(Information provided begins)
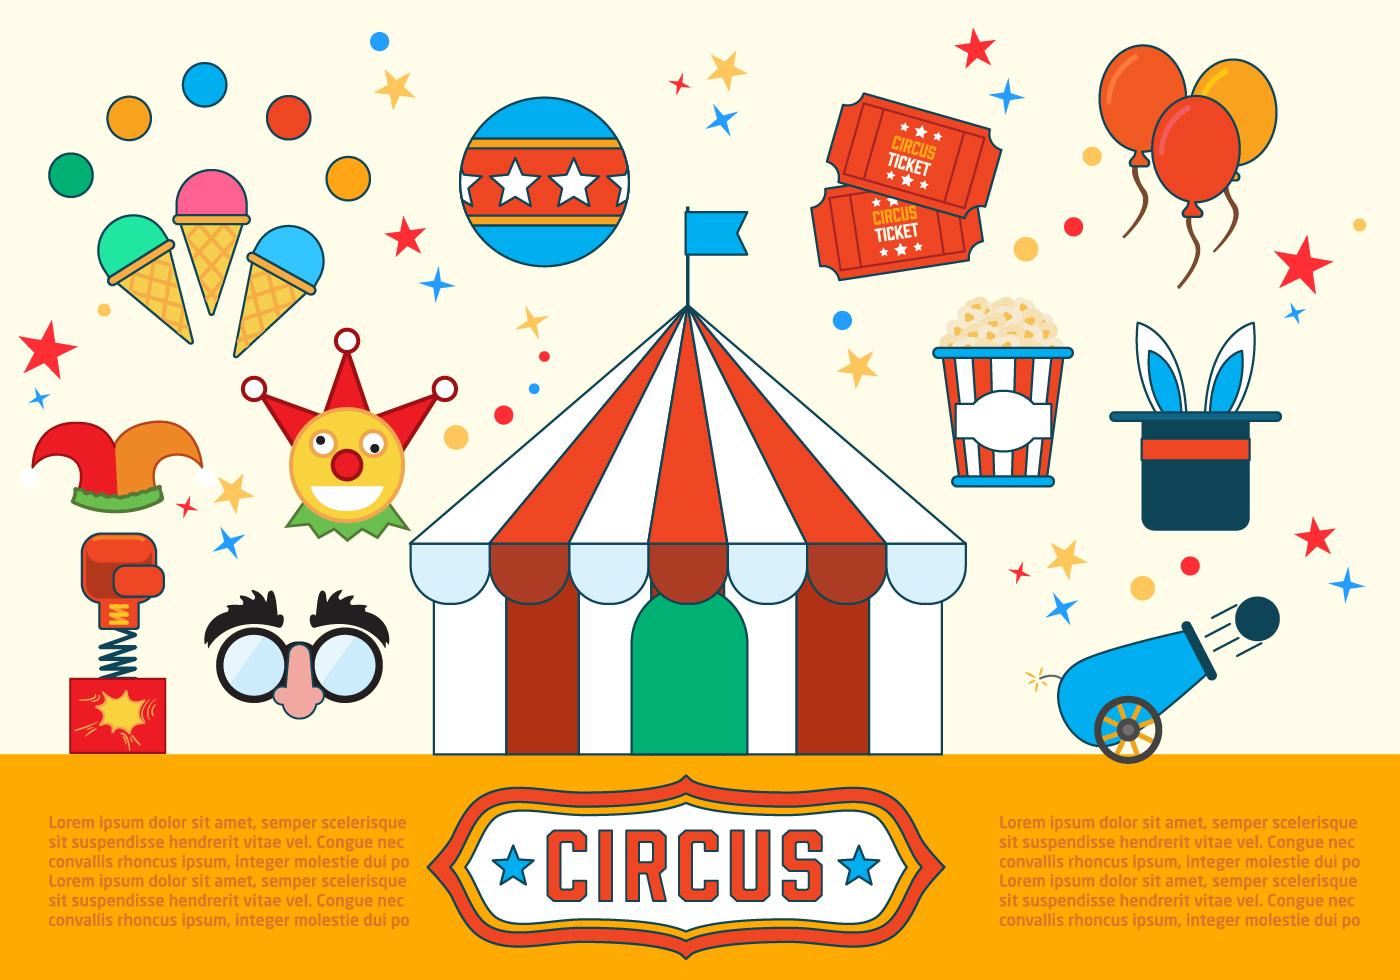 Circus Free Vector Art - (547 Free Downloads)
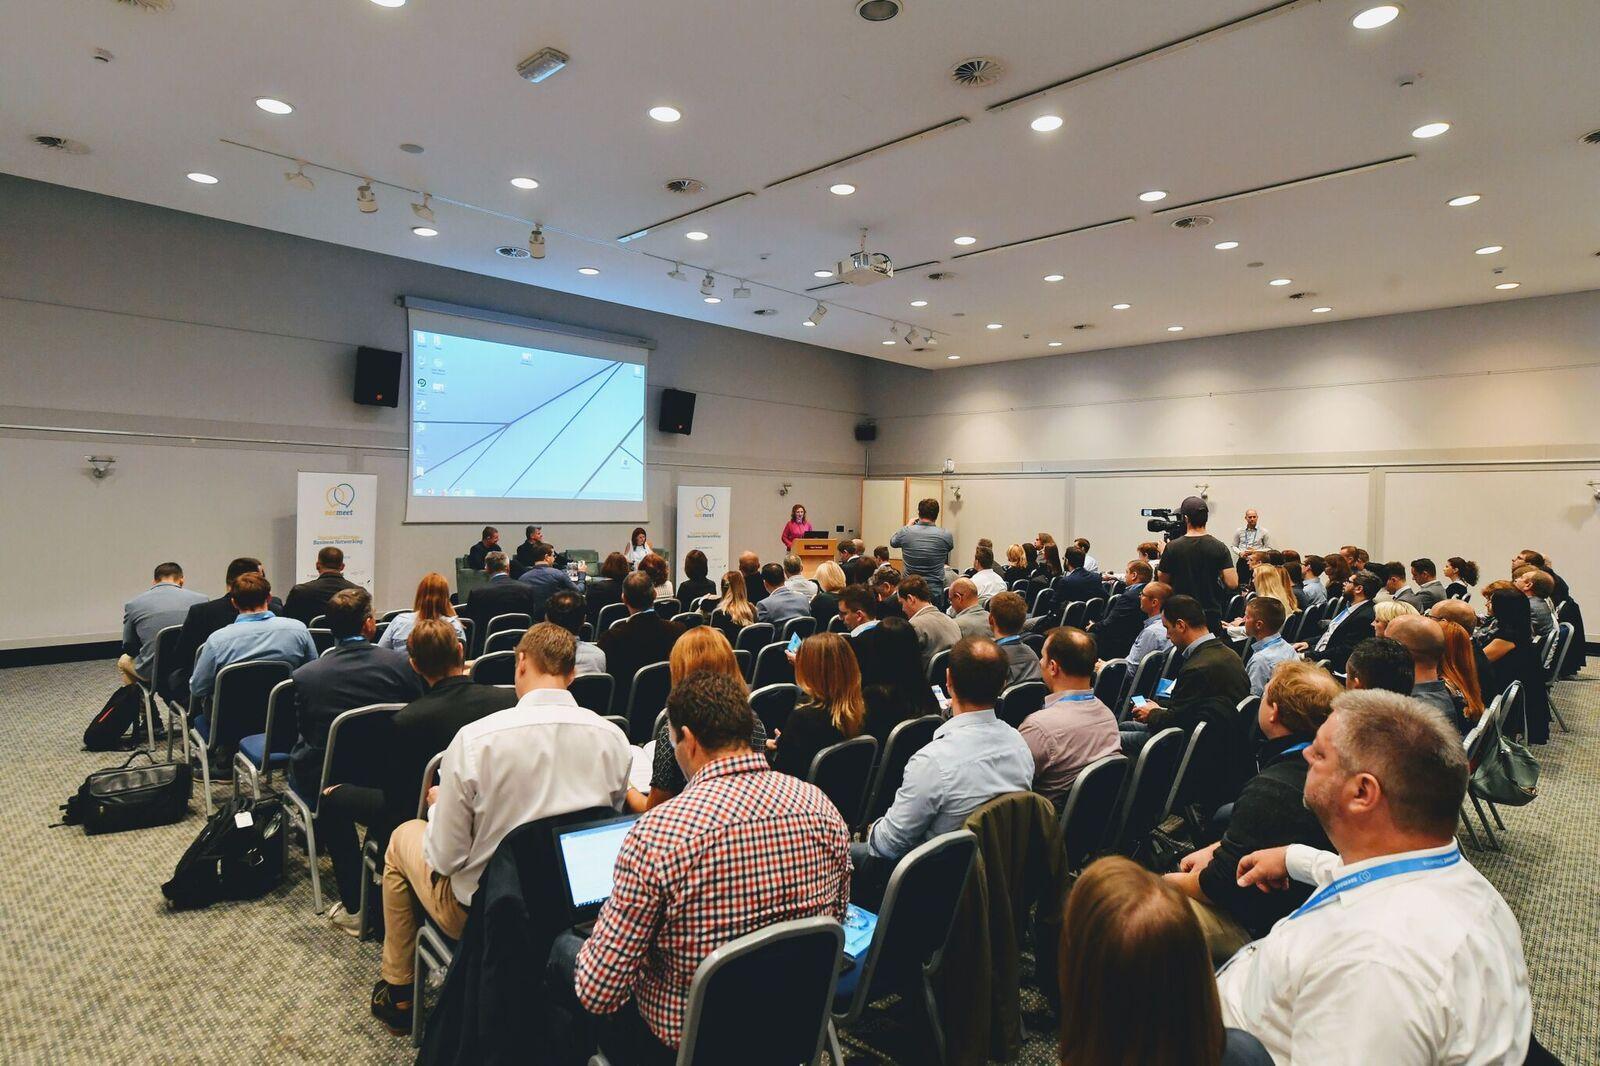 maribor_seemeet_conference
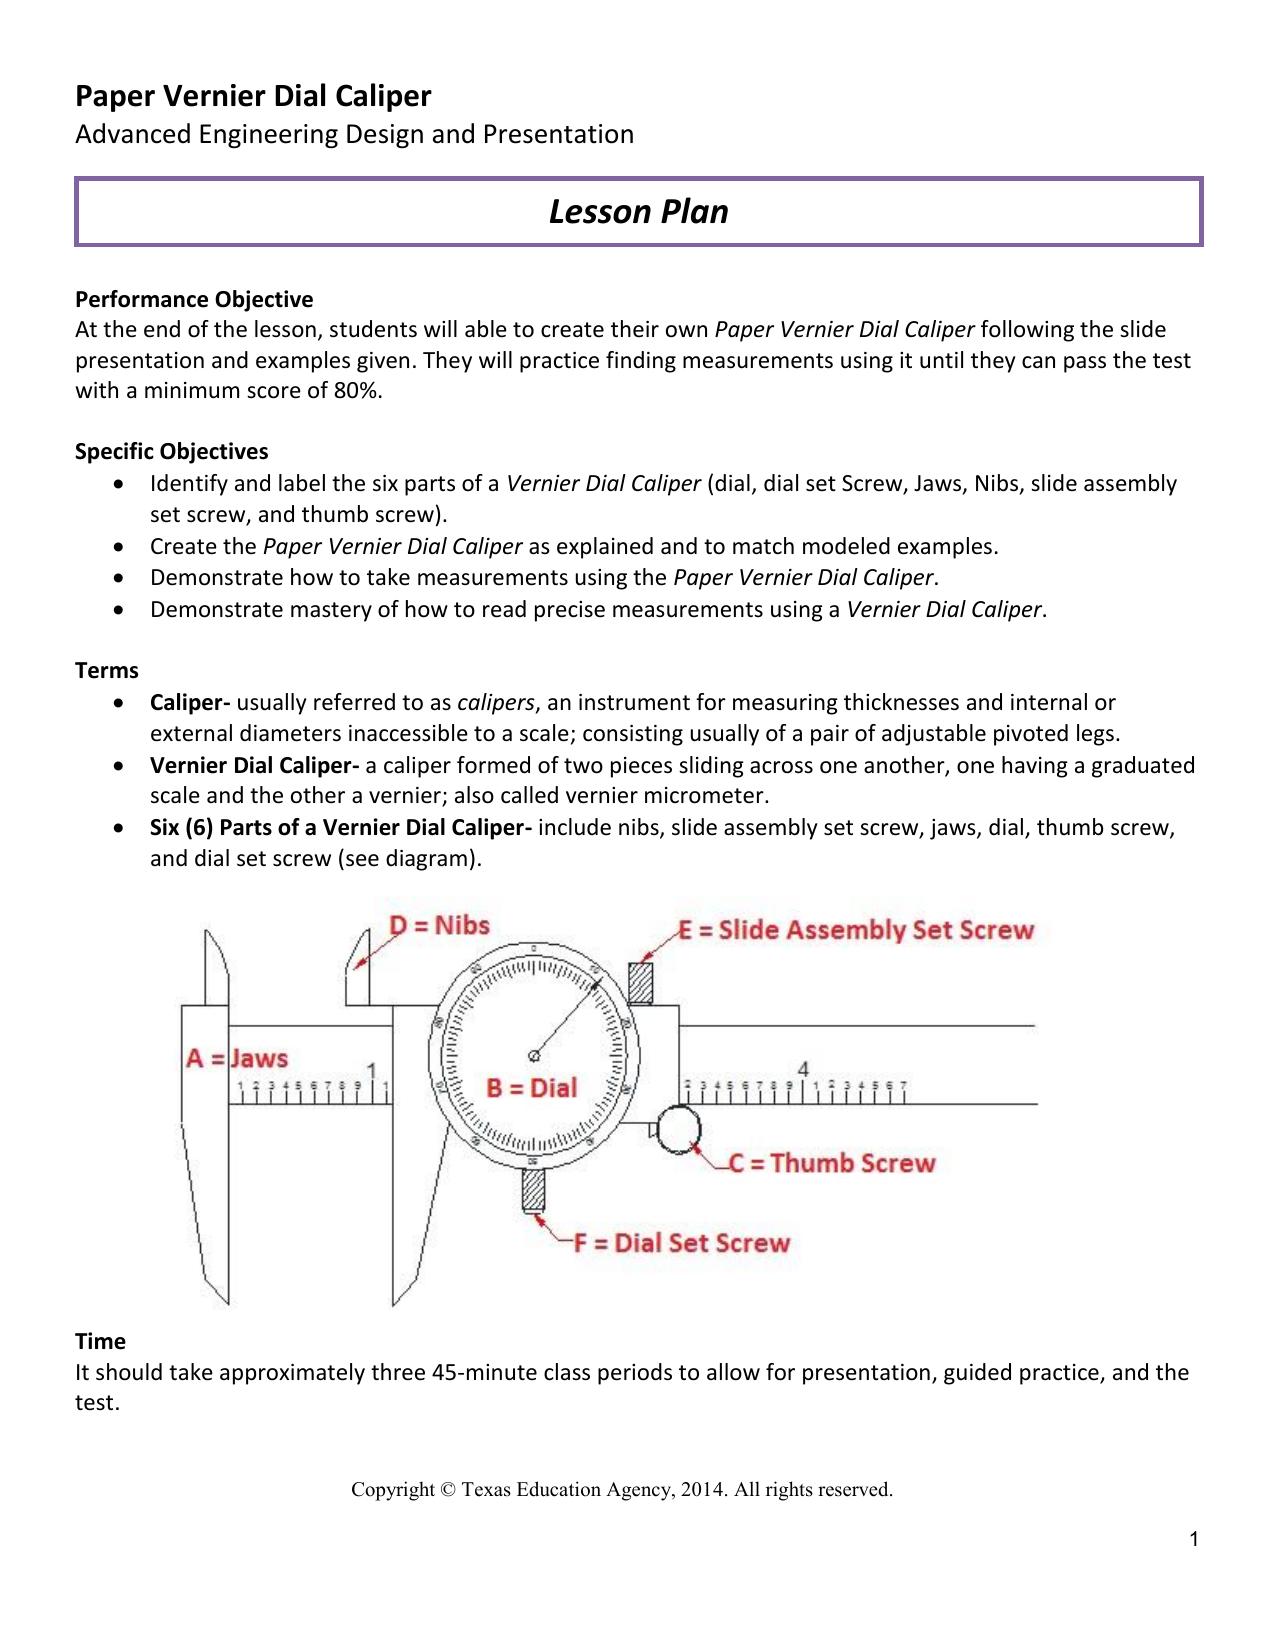 Fabulous Lesson Plan Paper Vernier Dial Caliper Advanced Engineering Design Wiring Cloud Intapioscosaoduqqnet
(Information provided ends)
■ Your assignment ■
Images are to be skipped, and each line above is to be returned exactly.

■ Solution to this exercise ■
 Circus Free Vector Art - (547 Free Downloads)
 maribor_seemeet_conference
 Fabulous Lesson Plan Paper Vernier Dial Caliper Advanced Engineering Design Wiring Cloud Intapioscosaoduqqnet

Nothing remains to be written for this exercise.